既に独走状態の高嶺嬢は、敵前線基地に殴り込みをかけているが、白影もそこに飛び込んでいった。
そして外部映像に映し出される彼方に立ち昇る赤黒い火柱。
いつも通りの光景だ。
『トモメ殿、敵前線基地から特異個体の出撃を確認したでござる』
狂気に駆られた決戦兵器と比べると、まだ理性的なNINJAが前線から報告を上げてくる。
索敵機の映像を白影が報告を上げた地点に切り替えてみれば、明らかに他の機械兵とは異なる特異な機械兵の存在が認められた。

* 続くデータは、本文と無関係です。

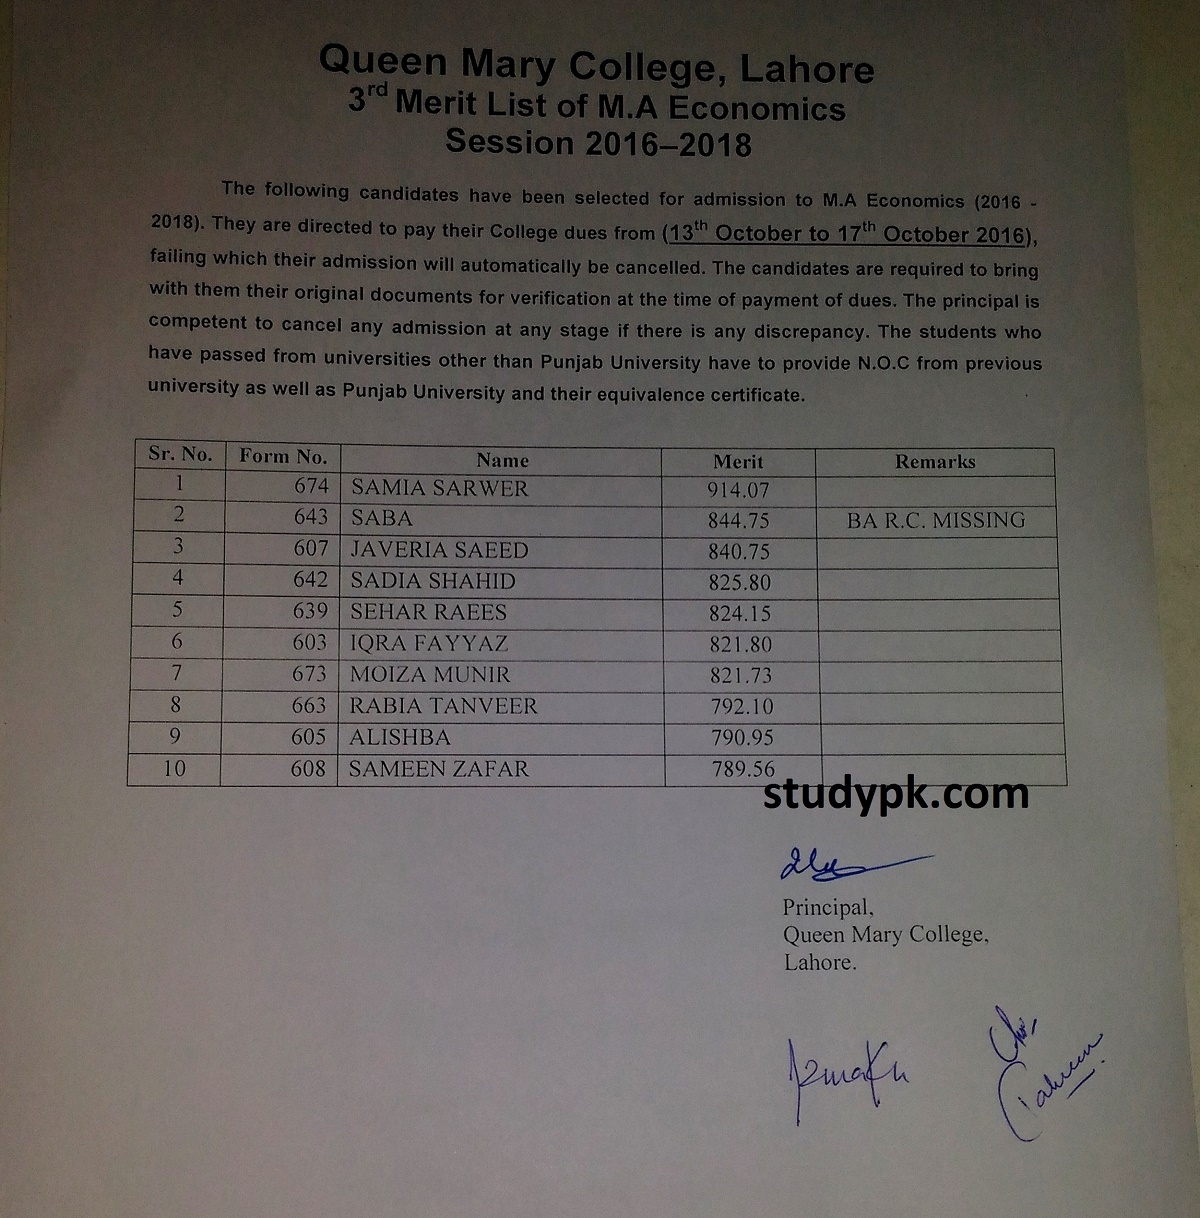 Queen Mary College 3rd Merit List M.A. Economics 2016-2018

そいつは通常の機械兵よりも三回りほど巨体であり、目測だが凡そ全高20m弱といったところか?
ガンニョムに準じる大きさだろう。
外装も明らかに強靭なものであり、見たところ機動力も通常タイプと比較して格段に向上しているようだ。
「…… これが、機械帝国の英雄クラスですか」
公女がそれっぽいことを言う。
どうせ特典で事前にその存在を知っていたのだろう。
彼女の特典もなかなか分からない。
内容の伝達には制約があるのだろうけど、今のように公女が無意識で漏らす情報などは筒抜けだ。
見たところ、その漏洩に対して公女への代償はなさそうだし……
英雄クラスの存在確認と同時に、公女が情報を漏らせたということは、既知存在の情報などは意図的な伝達は無理でも無意識下での漏洩は可能ということか?
検証しようにも無意識というのは中々に難しい。
このことを公女に伝えてしまえば、以降の無意識漏洩に制限がかかってしまうことも有り得る。
俺は新たに出現した脅威である英雄クラスの機械兵を画面越しに睨みながら、公女の特典に対して考察を進めた。
『ヘイヘーイ、大きな金属ゴミはバラバラにしないと駄目ですよー!』
あっ、高嶺嬢とエンカウントしちゃったわ。